## EXERCISE DIRECTIONS
Give a verbatim copy of the lines below, minus the pictures.

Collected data
◇ ◇ ◇

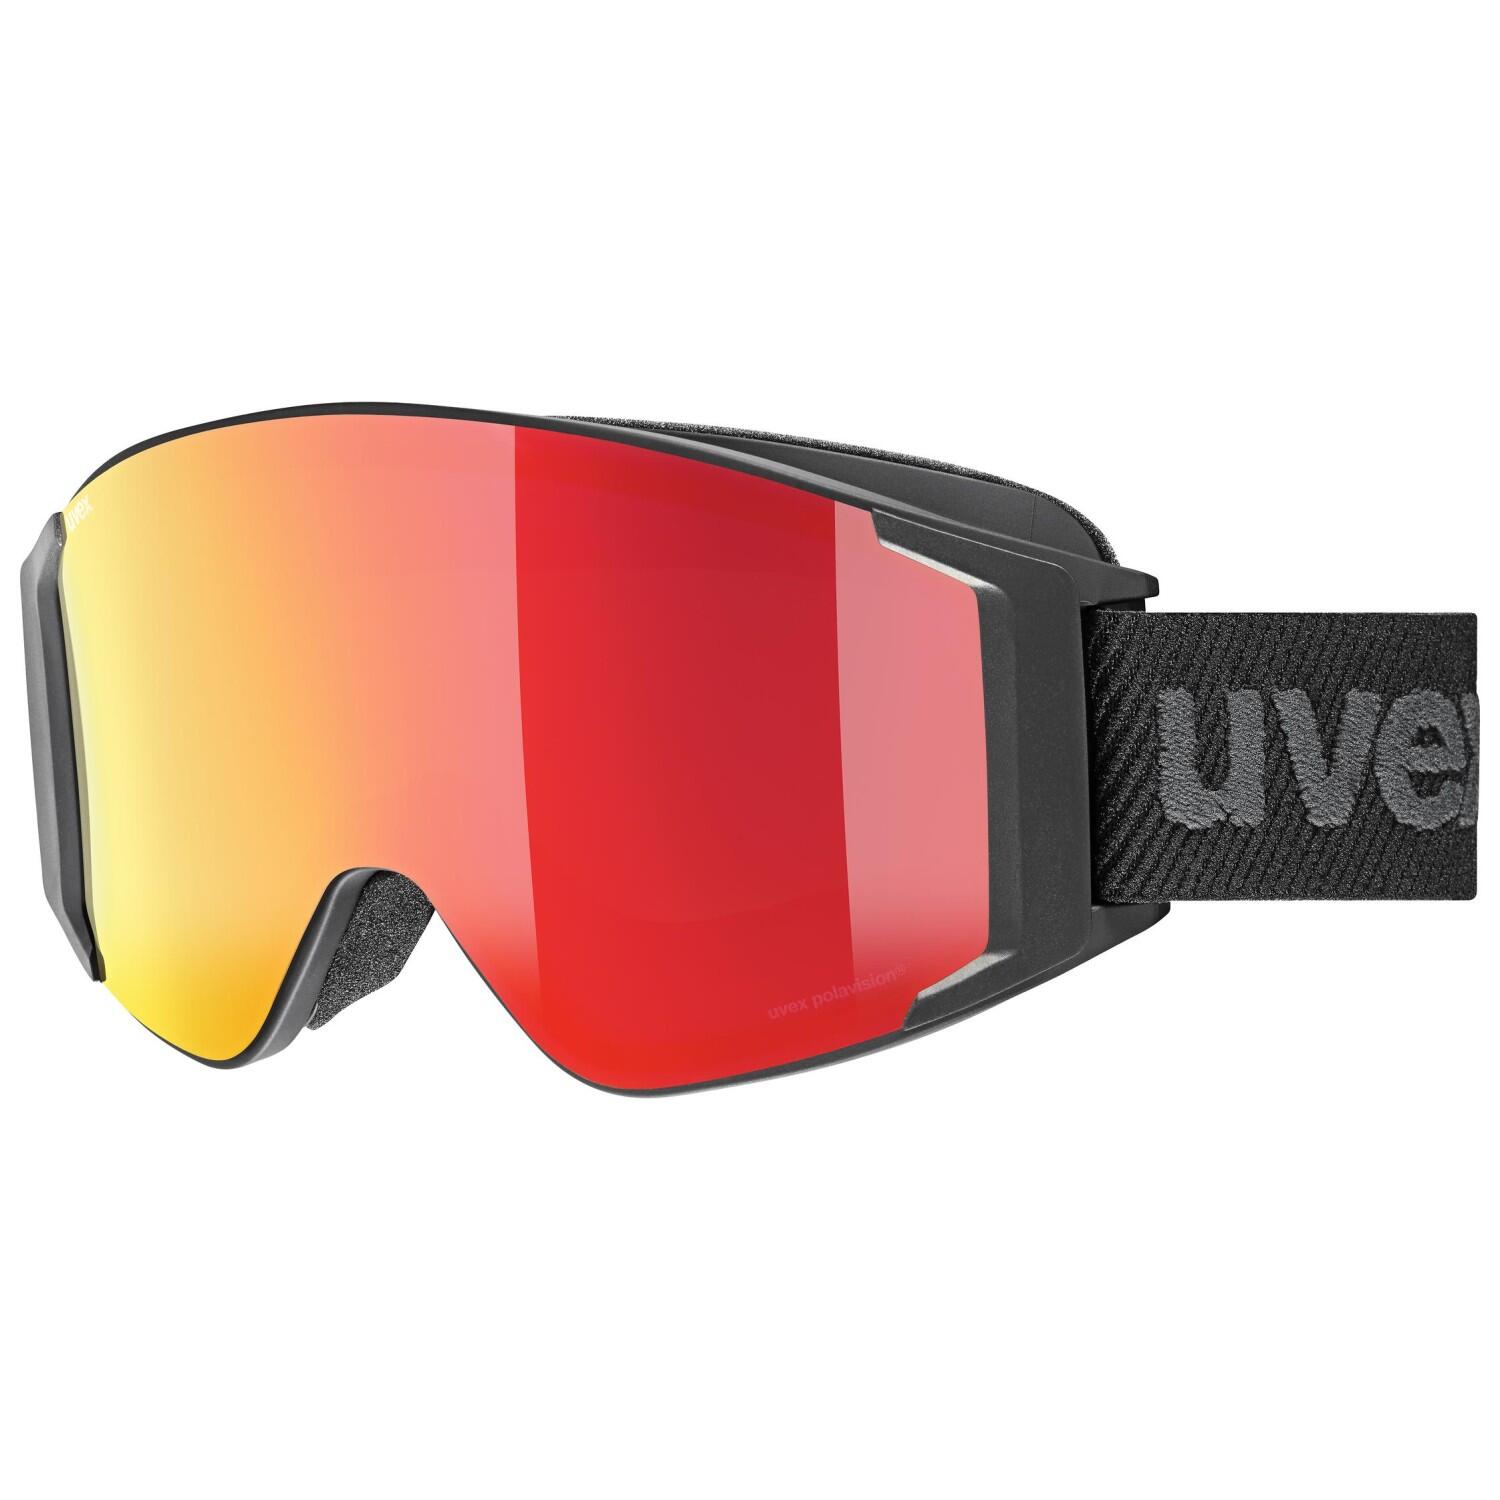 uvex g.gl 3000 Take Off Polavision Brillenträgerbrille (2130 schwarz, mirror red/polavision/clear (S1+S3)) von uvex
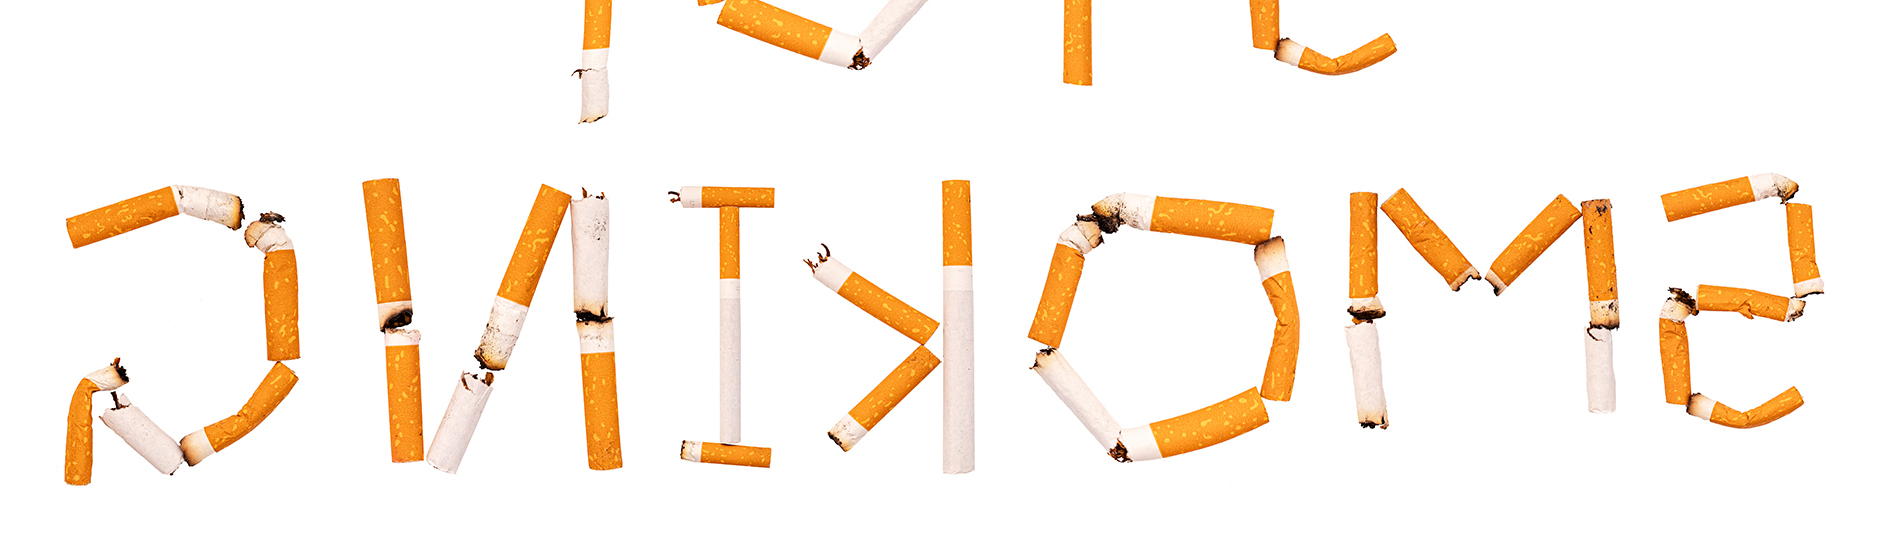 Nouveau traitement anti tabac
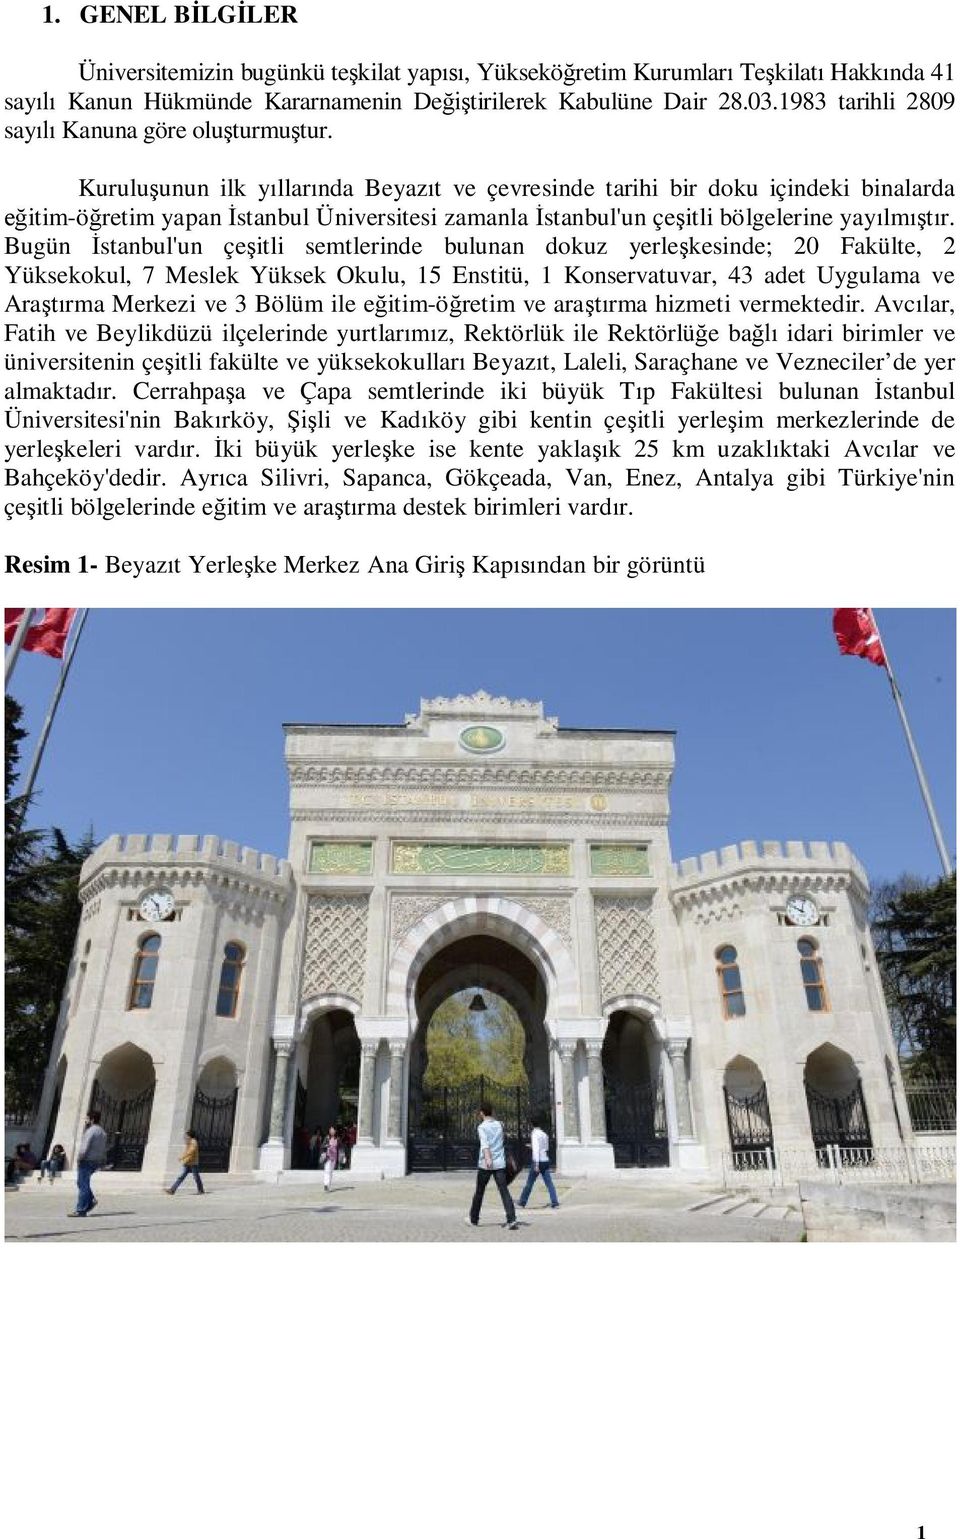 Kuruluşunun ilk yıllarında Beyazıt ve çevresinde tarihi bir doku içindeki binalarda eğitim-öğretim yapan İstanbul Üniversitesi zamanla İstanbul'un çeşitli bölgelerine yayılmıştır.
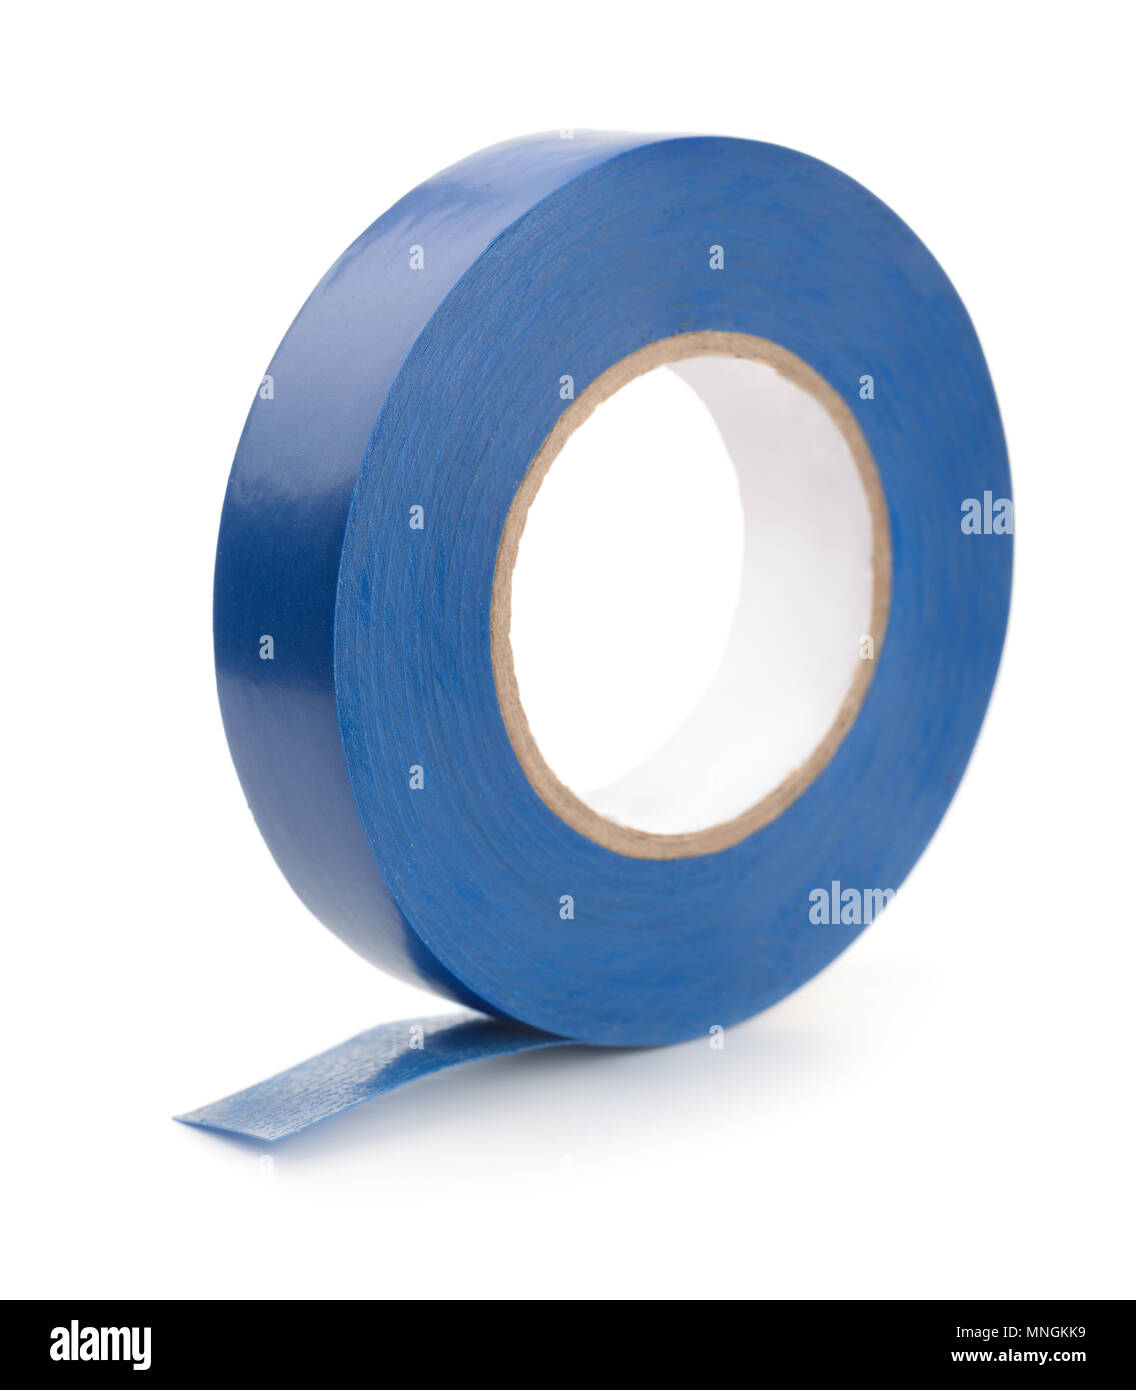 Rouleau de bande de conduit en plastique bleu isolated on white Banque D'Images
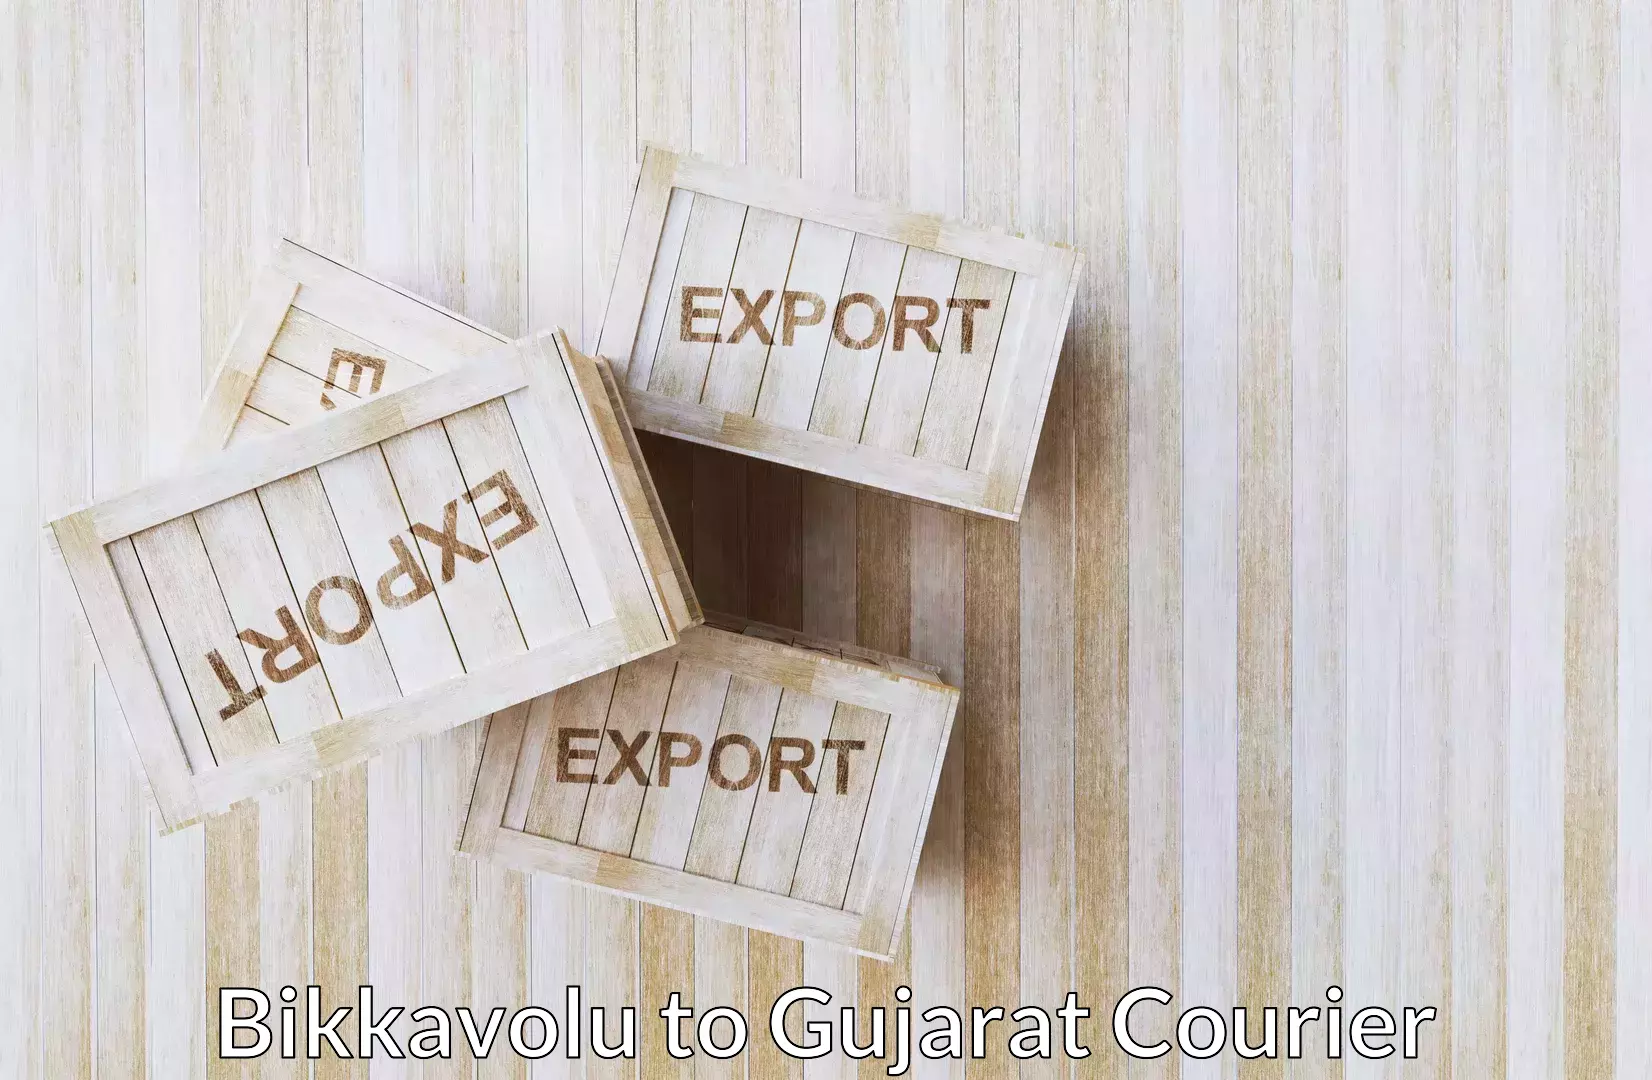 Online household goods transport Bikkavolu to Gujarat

◇ ◇ ◇

## TASK ANSWER
 uvex g.gl 3000 Take Off Polavision Brillenträgerbrille (2130 schwarz, mirror red/polavision/clear (S1+S3)) von uvex
 Nouveau traitement anti tabac
 Kuruluşunun ilk yıllarında Beyazıt ve çevresinde tarihi bir doku içindeki binalarda eğitim-öğretim yapan İstanbul Üniversitesi zamanla İstanbul'un çeşitli bölgelerine yayılmıştır.
 Rouleau de bande de conduit en plastique bleu isolated on white Banque D'Images
 Online household goods transport Bikkavolu to Gujarat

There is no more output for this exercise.